Argued and Submitted July 24, 1992.
Decided Oct. 9, 1992.

Before CANBY, REINHARDT and LEAVY, Circuit Judges.

MEMORANDUM*

Anna Yi contends that her conviction rests on evidence obtained in violation of the Fourth and Fifth Amendments. She also challenges the district court's refusal to dismiss a juror and to depart from the United States Sentencing Guidelines. We affirm.

DISCUSSION

A. Choice of Law

Yi argues that Hawaiian law governs the admissibility of evidence obtained by state officials. Our decision in United States v. Chavez-Vernaza, 844 F.2d 1368 (9th Cir.1987), forecloses this line of argument. In that case, we held that the admissibility of evidence obtained in violation of state law turns on whether a federal right was infringed, and not on the presence or absence of federal officers at the evidence-gathering stage. Id. at 1373. As long as the investigators' conduct conformed to federal law and the Constitution, the evidence obtained will be admissible in federal court regardless of Hawaiian law. See United States v. Little, 753 F.2d 1420, 1434-35 (9th Cir.1984) (tape recordings obtained in accord with federal law held admissible despite California statute prohibiting electronic eavesdropping without consent).
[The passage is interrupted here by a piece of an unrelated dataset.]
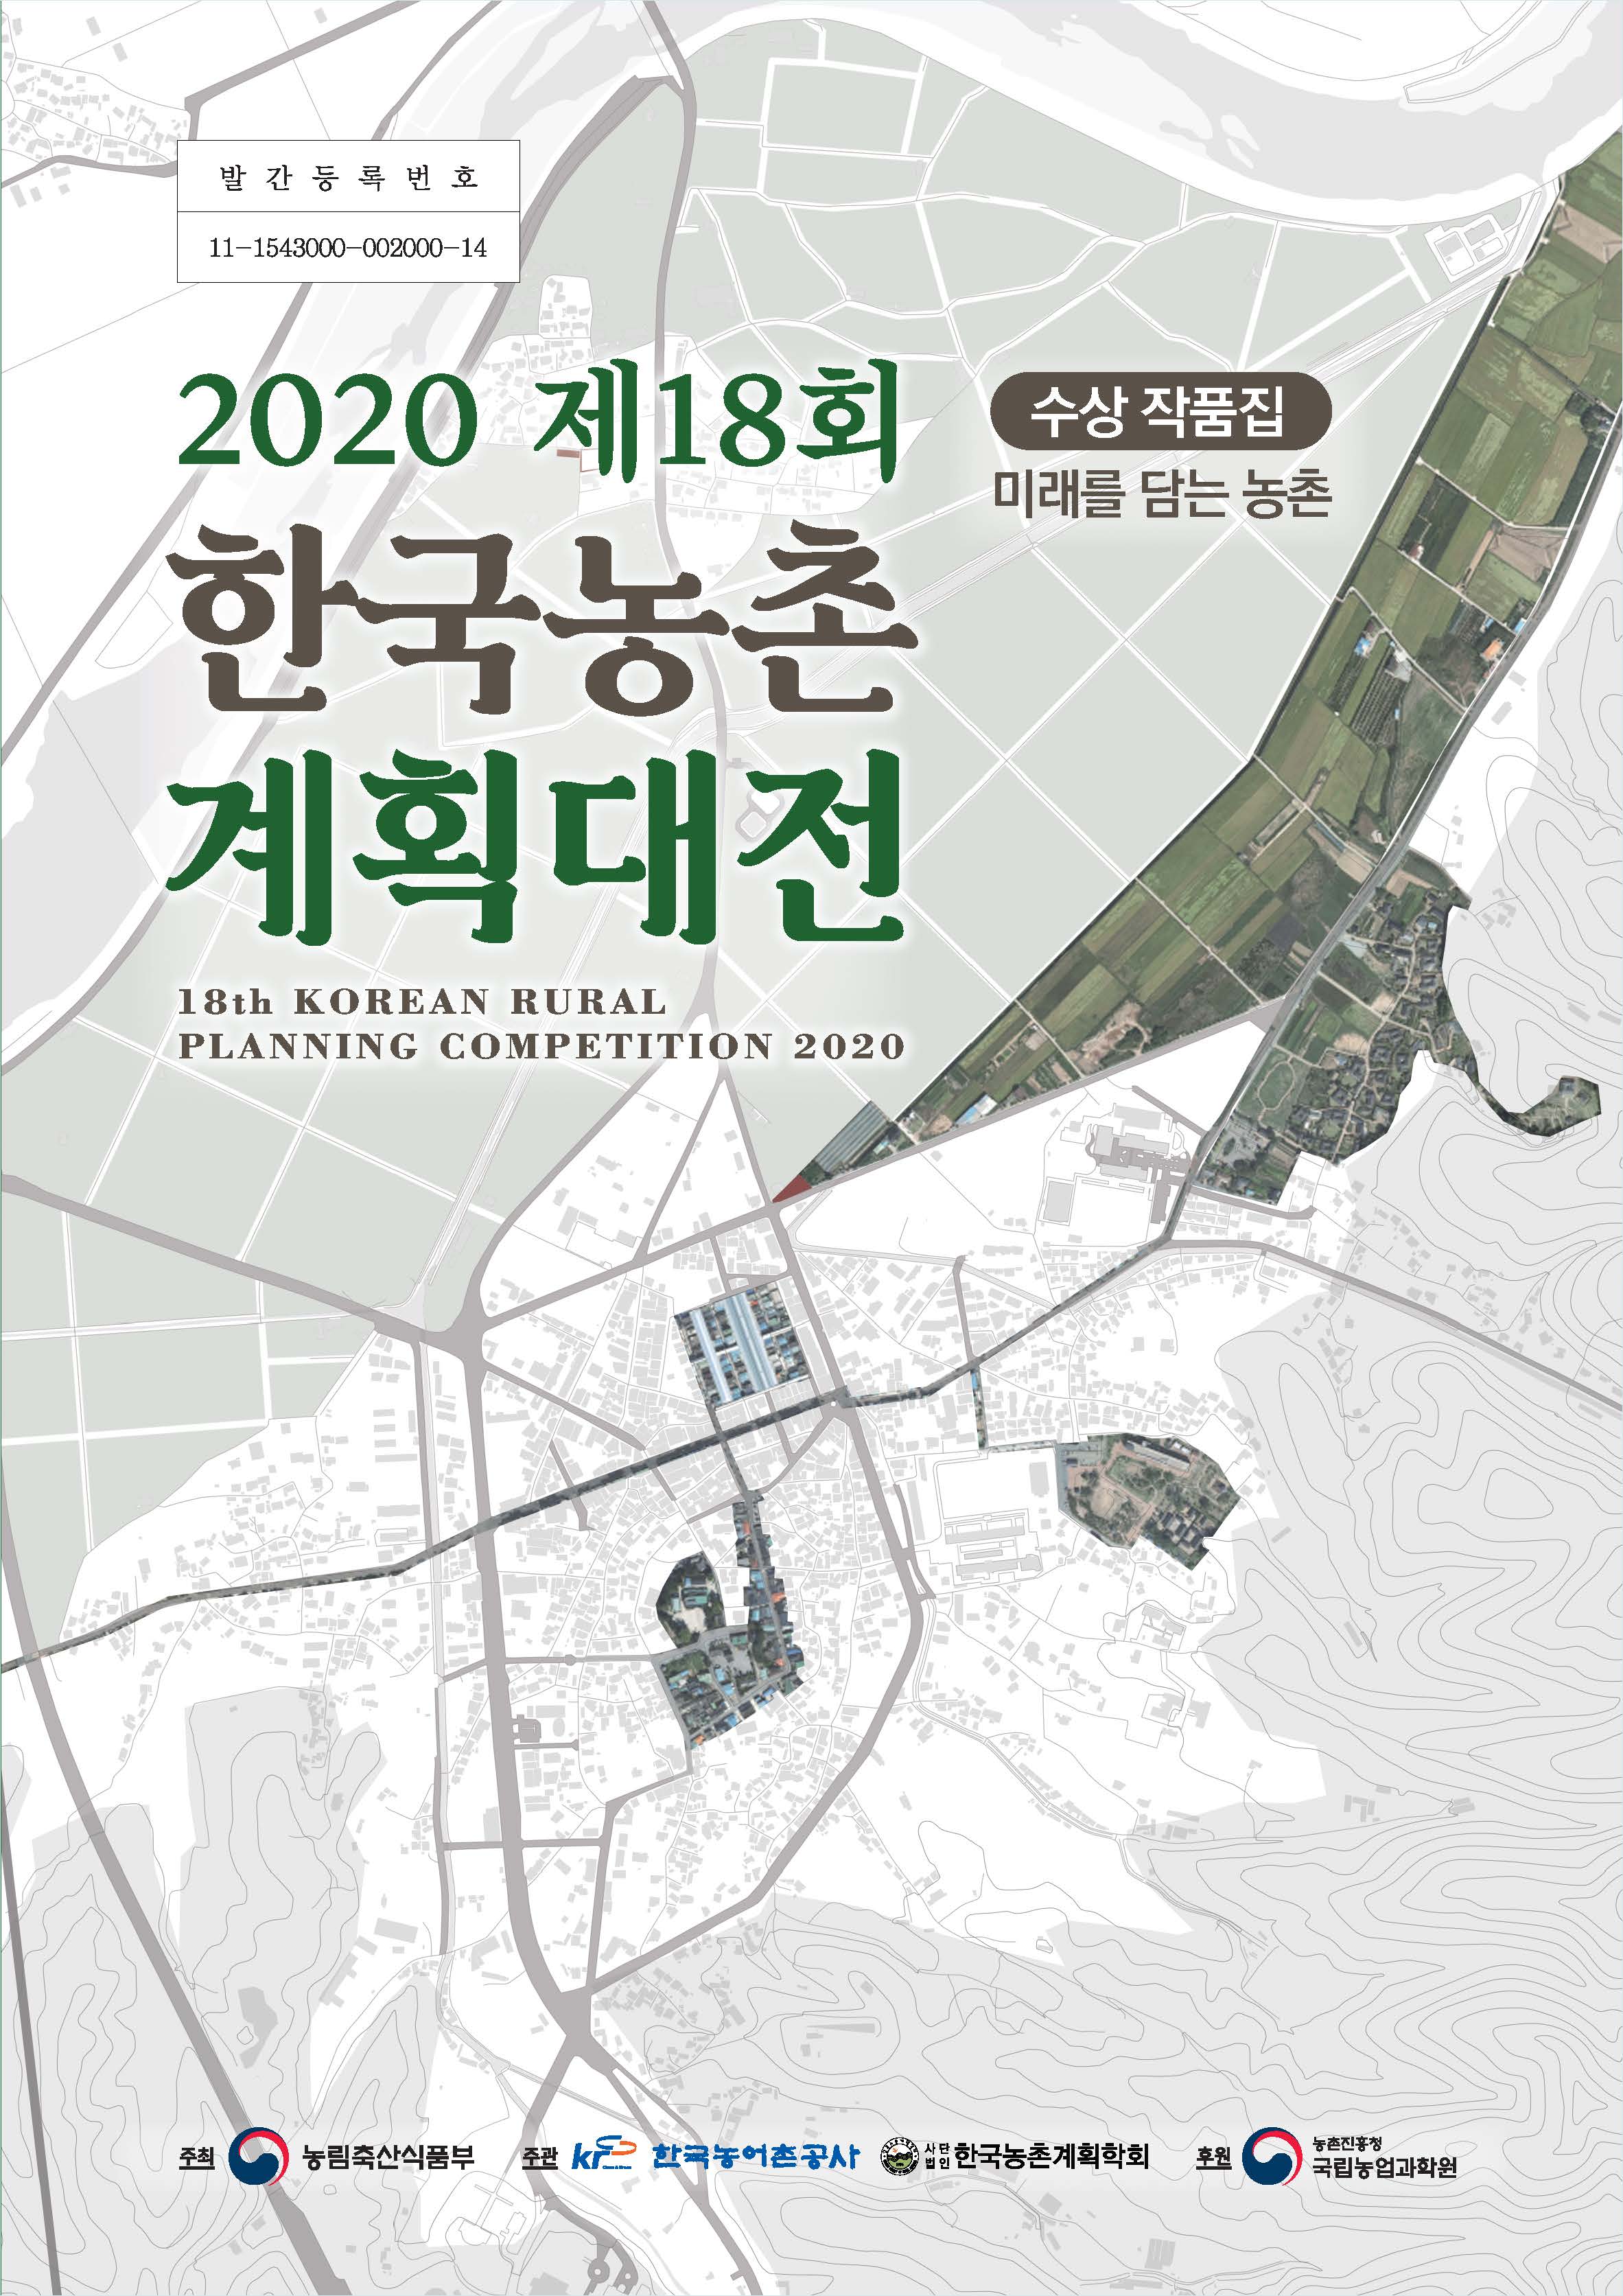 (2020년 제18회) 한국농촌 계획대전 : 수상작 작품집. 2020

B. Fourth Amendment Claims

Yi further contends that the officers' initial entry and search of her apartment violated her Fourth Amendment rights. The government counters that these warrantless actions were justified by: (1) the consent of resident manager Duane Komine, and (2) exigent circumstances and probable cause.

1. Consent

According to the government, the officers relied on Komine's apparent authority to consent to a search of Yi's apartment. As a general rule, a landlord may not consent to a search of a dwelling rented to another. Chapman v. United States, 365 U.S. 610, 616-17 (1961). The government attempts to distinguish Chapman by relying upon United States v. Yarbrough, 852 F.2d 1522 (9th Cir.), cert. denied, 488 U.S. 866 (1988).

The government's reliance on Yarbrough is misplaced. In that case, a landlord rented a shack to a tenant in exchange for chores. Id. at 1534. On at least three weekends of the one-month tenancy, the landlord stayed with the tenant. Id. The landlord kept some of his belongings in the shack, used his key, and maintained complete access to the property. Id. In light of these facts, which were known to the police, we concluded that the landlord had both actual and apparent authority to consent to the search. Id.

Although Komine did have a key to Yi's residence, this case still significantly differs from Yarbrough. We deal here with Komine's relationship with one of many tenants in a multi-unit apartment building, and not with a landlord renting to and residing with a single tenant. The mere fact that Komine possessed a pass key reveals very little about his authority to consent to a search of any one of these apartments. In contrast to Yarbrough, the record here does not indicate that he stayed with Yi, kept belongings in her apartment, or maintained any kind of general access to her residence. Moreover, the officers could not have reasonably assumed that Komine had any special access to Yi's apartment, because they never questioned him about these considerations. Cf. United States v. Sledge, 650 F.2d 1075, 1076-78 (9th Cir.1981) (finding apparent authority because landlord stated that he had retaken possession of the unit because the tenants apparently had vacated). Accordingly, we reject the government's expansive reading of Yarbrough and hold that Komine lacked actual and apparent authority to consent under any standard of review. See Yarbrough, 852 F.2d at 1534; see also United States v. Sealey, 830 F.2d 1028, 1031 (9th Cir.1987) (leaving open whether the issue of apparent authority to consent is essentially factual and thus whether the standard of review should be de novo or for clear error).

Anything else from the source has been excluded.